Blinking lights. Flashing lights. Red and blue and amber. “Hey, slow down!” somebody called out to her, and she didn’t have the breath to shout back that she couldn’t. That the hell-beast was somewhere behind her and she had to run. Keep ahead.

“That’s an order! Stop!”

Can’t stop can’t stop she’s coming can’t stop can’t...

Something jerked her and she felt her body being thrown to the ground. No no have to keep going have to keep have to...

Her head slammed into a hard surface, and her thought trailed off into soft black as unconsciousness pulled her under its surface.

Officer Smith knelt down next to the fallen woman. "Call 911, Ackley!" he shouted. "And don't move her - she has a head injury!"

Officer Ackley threw the taser through the open window of the squad car and grabbed their phone.

1 mile north of Denton, Texas
Wednesday, October 31, 2007

John took the north half of the circled area and Sam and Dean were trudging through the weedy overgrowth in the south half. “I know you’re going to think I’m being an ass for saying this to you,” said Sam, “but we really have to speed it up.
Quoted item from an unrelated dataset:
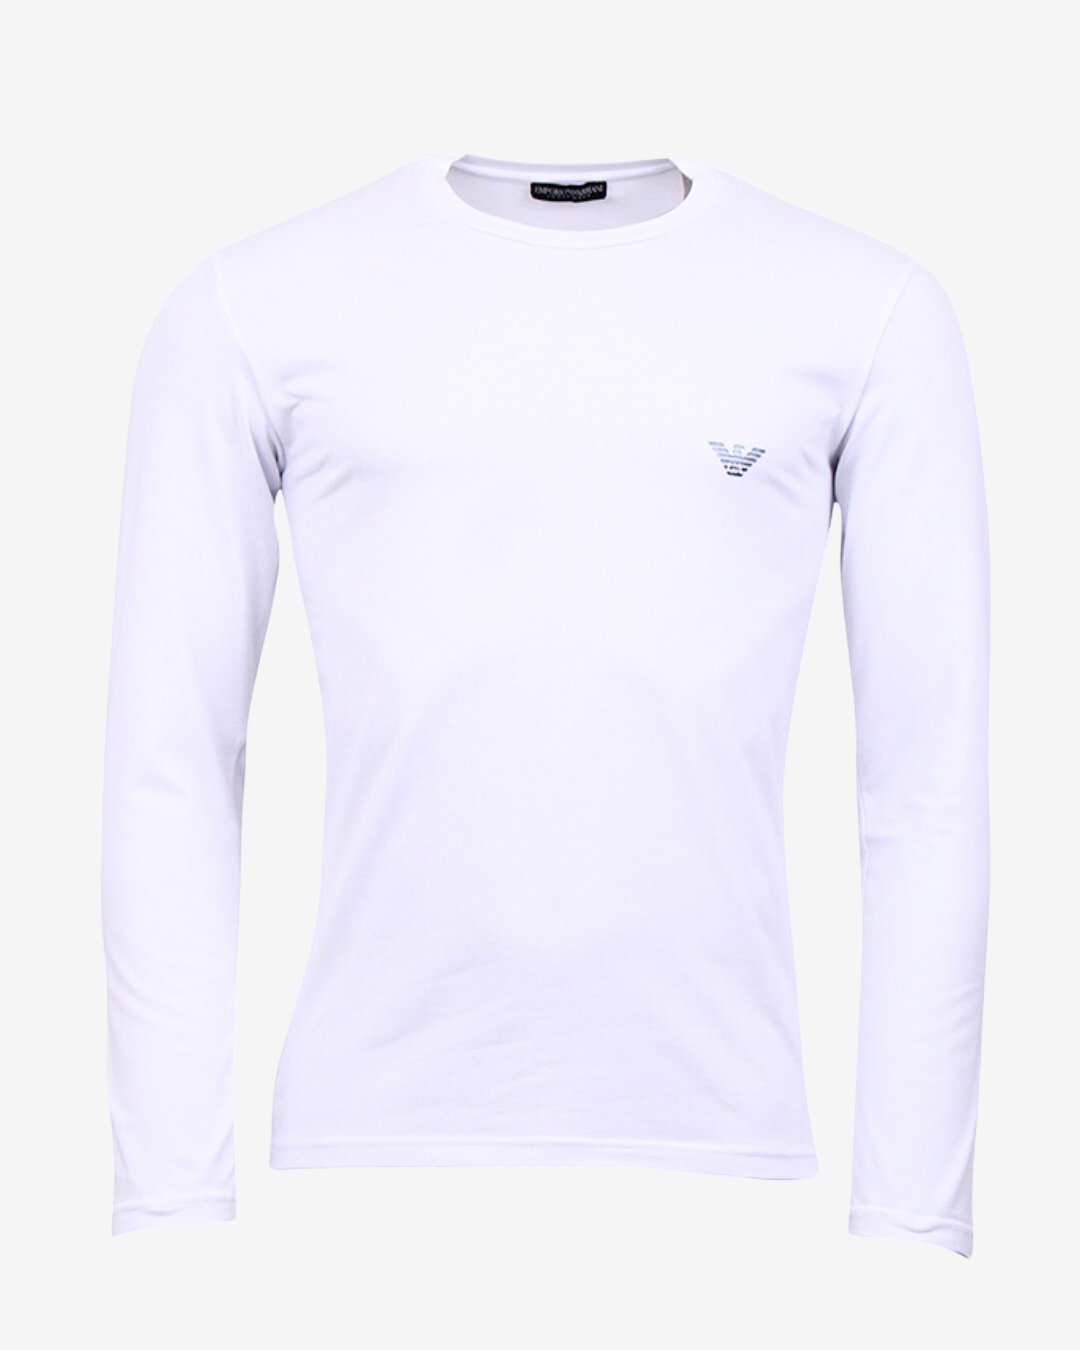 Se Armani Langærmet shiny logo t-shirt - Hvid - Str. XL - Modish.dk hos Modish.dk

A hundred meters a minute is not going to cut it.”

“I’m going as fast as I can,” Dean puffed.

“This might actually be faster if you went back to the Impala and waited for me. Amanda just called back but dropped the phone and the line went dead. I didn’t hear what happened, but it can’t be anything good if she's on the run already.”

“You think you and Dad can dig her up without me?”

“Yeah. You’re looking really worn-out, Dean. Hand me the jazzed-up Walkman and get back to the car.”

Sam was expecting an argument, and when he didn’t get one, that fact only added to his growing anxiety. He walked faster, pretending that he wasn’t looking over his shoulder every ten seconds. The EMF meter picked up nothing. Look. Nothing. Look. Nothing. He’s falling.

“Dean!” Sam shouted. He sprinted to his brother’s side, and found Dean kneeling on the ground, eyes squeezed shut, arms wrapped around his bulging belly. “What’s the matter?”

“Where’s Dad?” Dean gasped.

“About a quarter mile north of us.”

“Get him... tell him to finish... by himself. Need you... need you to drive. To Sherman.”

The icy feeling in the pit of Sam’s stomach crystallized and shattered.